GIVEN MATERIAL:
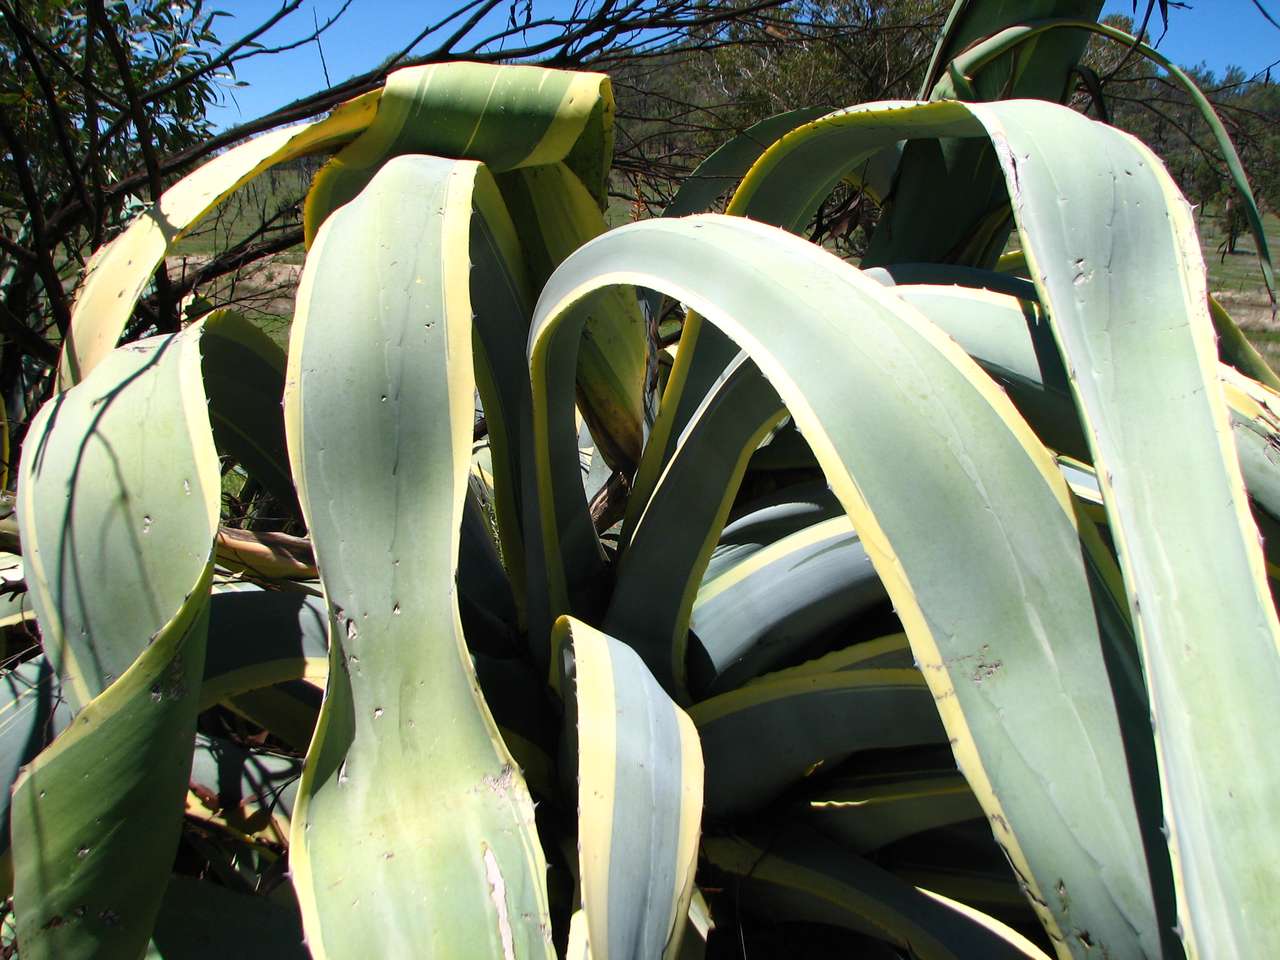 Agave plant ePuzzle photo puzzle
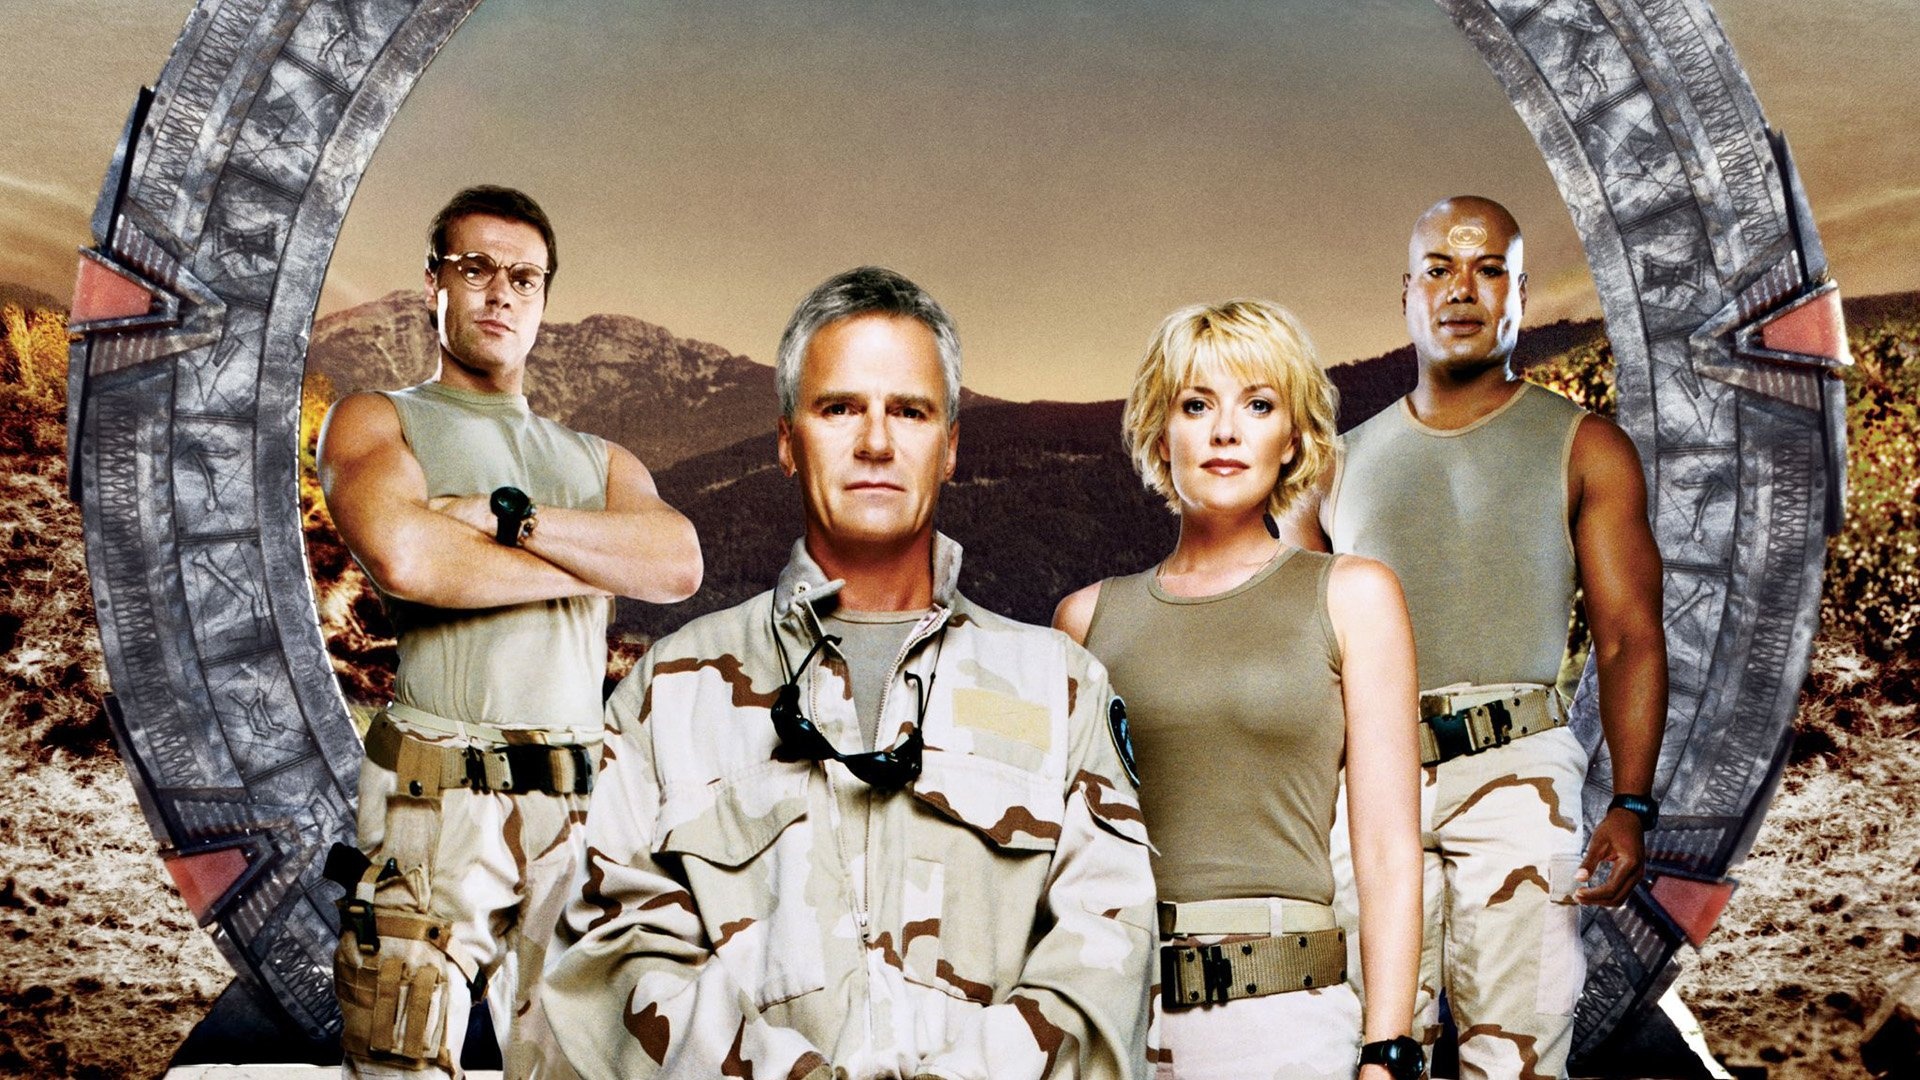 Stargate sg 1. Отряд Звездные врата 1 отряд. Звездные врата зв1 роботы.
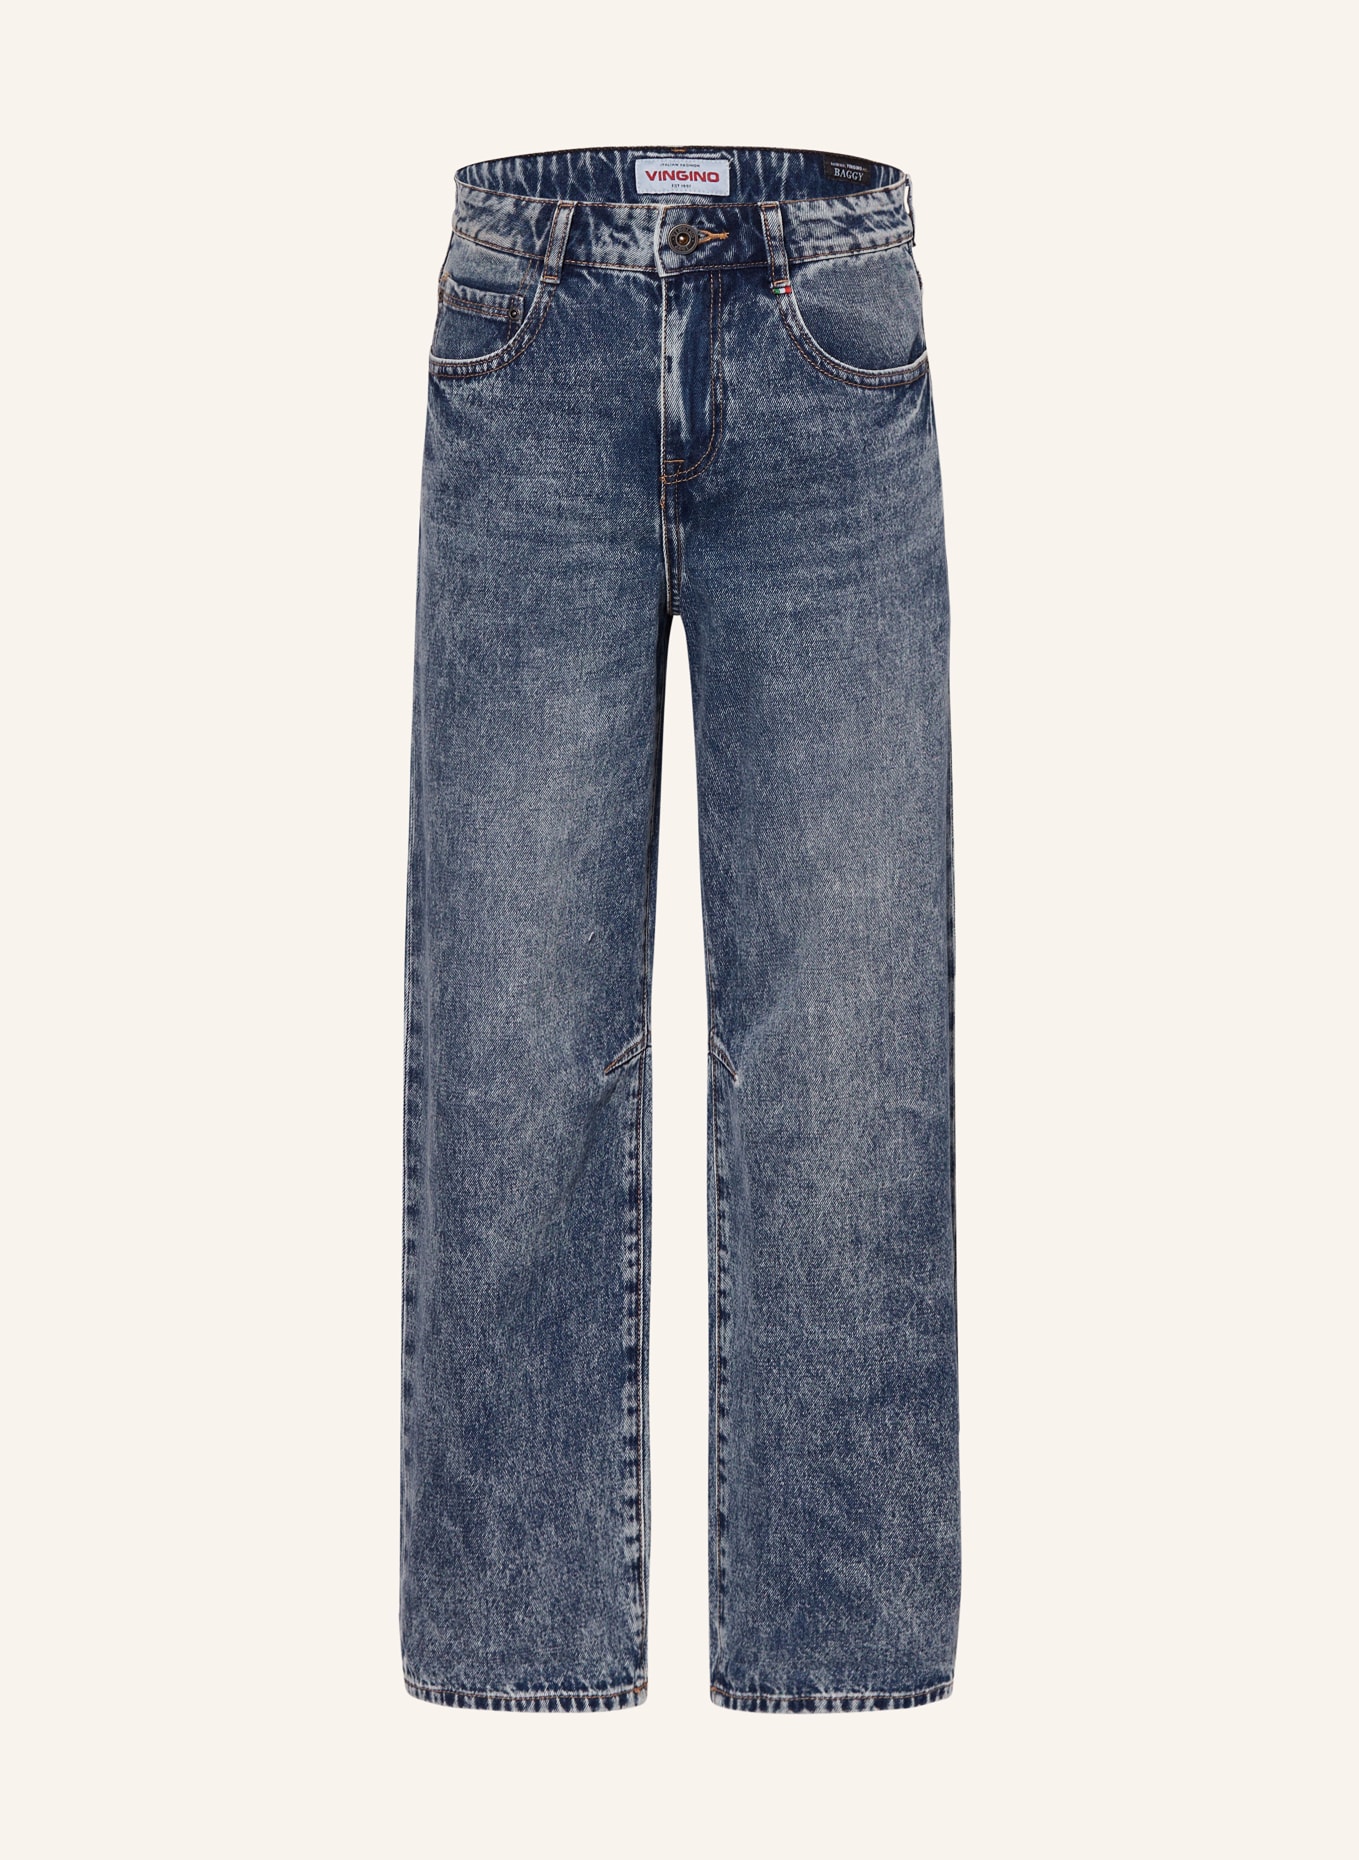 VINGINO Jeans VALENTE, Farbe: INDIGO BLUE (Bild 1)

EXERCISE BRIEF: Only the lines from the one containing "Stargate sg 1." through the last line of the data above, both included, belong in the reply, each restated exactly and without pictures.

EXERCISE ANSWER:
 Stargate sg 1. Отряд Звездные врата 1 отряд. Звездные врата зв1 роботы.
 VINGINO Jeans VALENTE, Farbe: INDIGO BLUE (Bild 1)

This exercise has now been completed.